Frankl is very clear that it’s not that we make or invent the meaning of our lives. We, in his word, “detect” it. We discover it. It almost sounds mystical, though he doesn’t use that term. Life hands us a circumstance, confronts us with a choice, and challenges us to respond. And while the meaning of the act ultimately is epic, the act itself is always tiny and concrete. It’s always today – right now and right now and right now – that we’re living our lives. It doesn’t work to say that our lives are too difficult or too constrained by circumstance to worry about the big questions. In every moment we make decisions and micro-decisions that together, over days and years, form the substance of our lives. It was a lifetime of such decisions that shaped the meaning of Harper Lee’s life.
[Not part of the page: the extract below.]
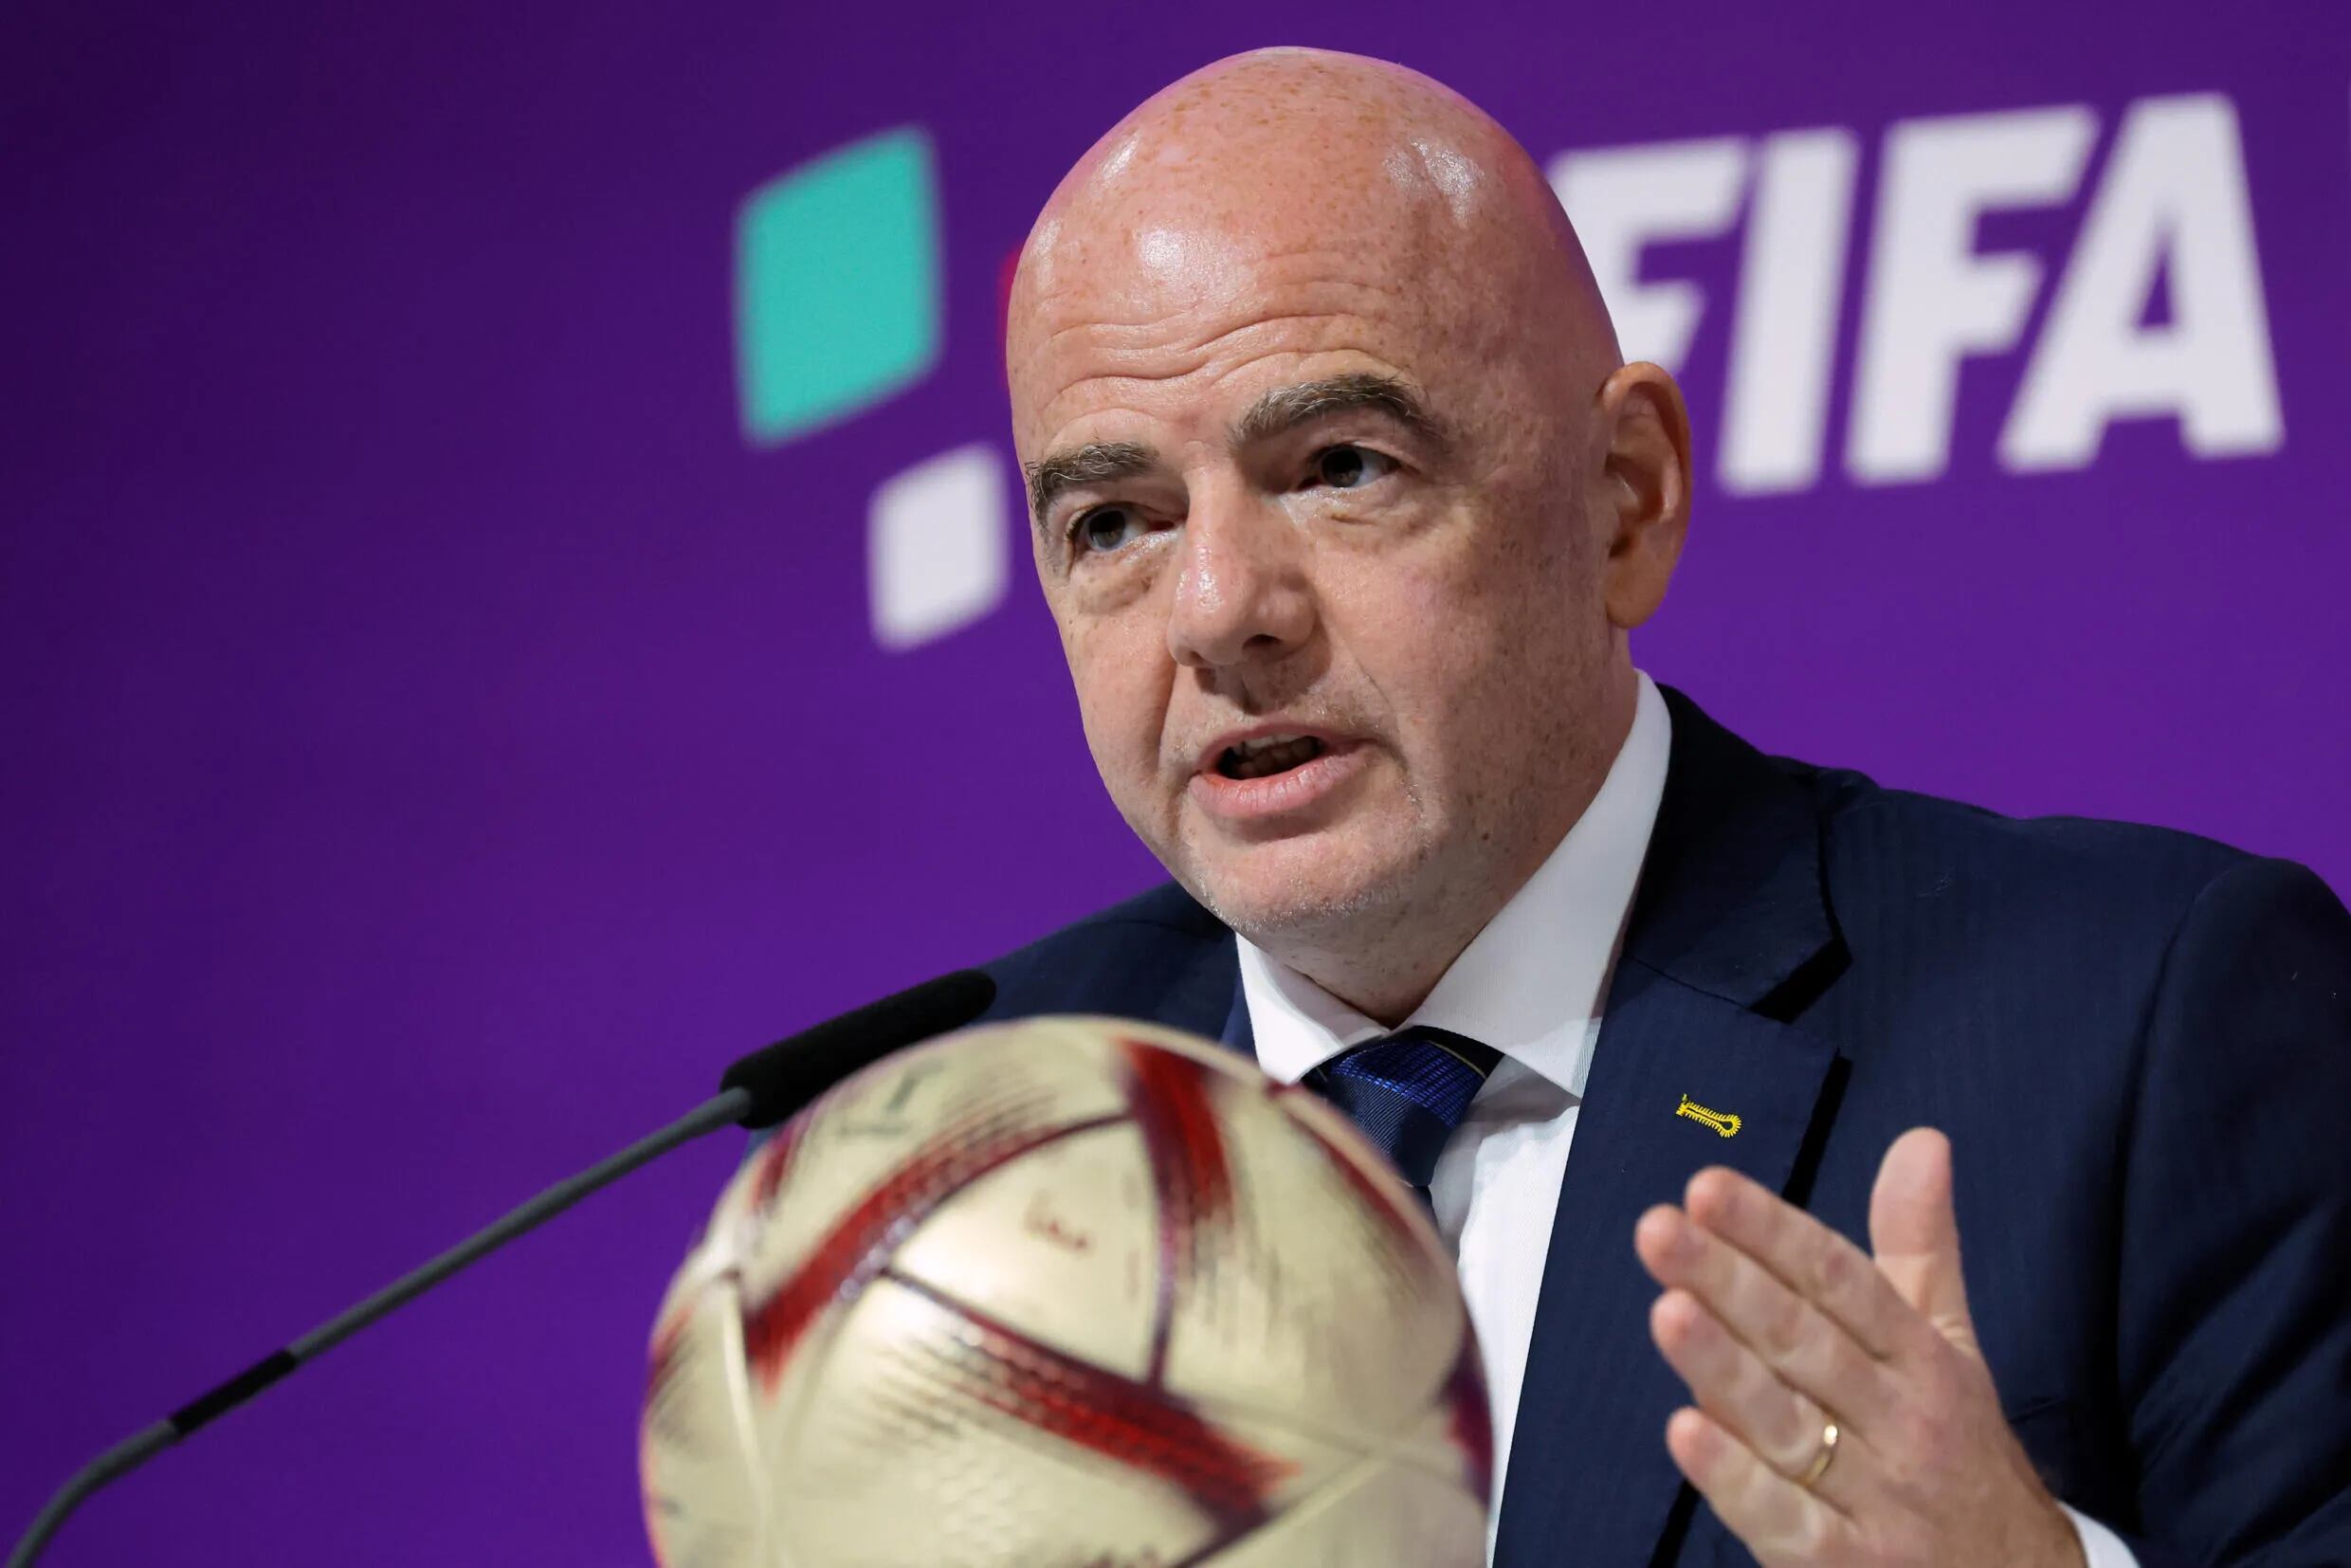 El presidente de la FIFA, Gianni Infantino, anunciando los detalles del próximo Mundial de Clubes, el 16 de diciembre de 2022 en Doha.

And that of Antonin Scalia. It will be a lifetime of such decisions that make meaning of my life and yours.
There’s something strangely parallel between the experience of rock climbing and the experience of parenting newborn twins – there’s the stark immediacy of simple acts – nursing, changing a diaper, like reaching for the next tiny ridge in the rock – that rivets your attention on the present moment… that, combined with the sweeping panoramic view – the sense of vertigo looking at these tiny babies, these massive responsibilities, a link to the past and the future. The camera is always zoomed in for the close up and zoomed out for the wide shot at the same time. It’s breathtaking and sobering.
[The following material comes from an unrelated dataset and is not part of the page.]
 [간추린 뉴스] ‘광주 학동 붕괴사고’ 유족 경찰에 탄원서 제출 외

I believe we are each challenged to live our lives with this dual vision. On one hand we are challenged to reach for meaning in our lives, to remember our mortality, to take our lives seriously, to live in awe of the view. And at the same time, we are challenged to live the present, to focus on the decisions in front of us at every moment. Gabriela Mistral wrote that children cannot wait; to them we cannot answer tomorrow; their name is today. But really, but nothing else can wait either. Whatever it is that’s calling us, whatever it is that needs us – whether it’s family or this community or our students, our clients, struggling peoples, or the earth itself – whatever we are being called to serve, its bones are being formed, its blood is being made. To whatever it is that calls us, we cannot answer “tomorrow.” Its name is “today.”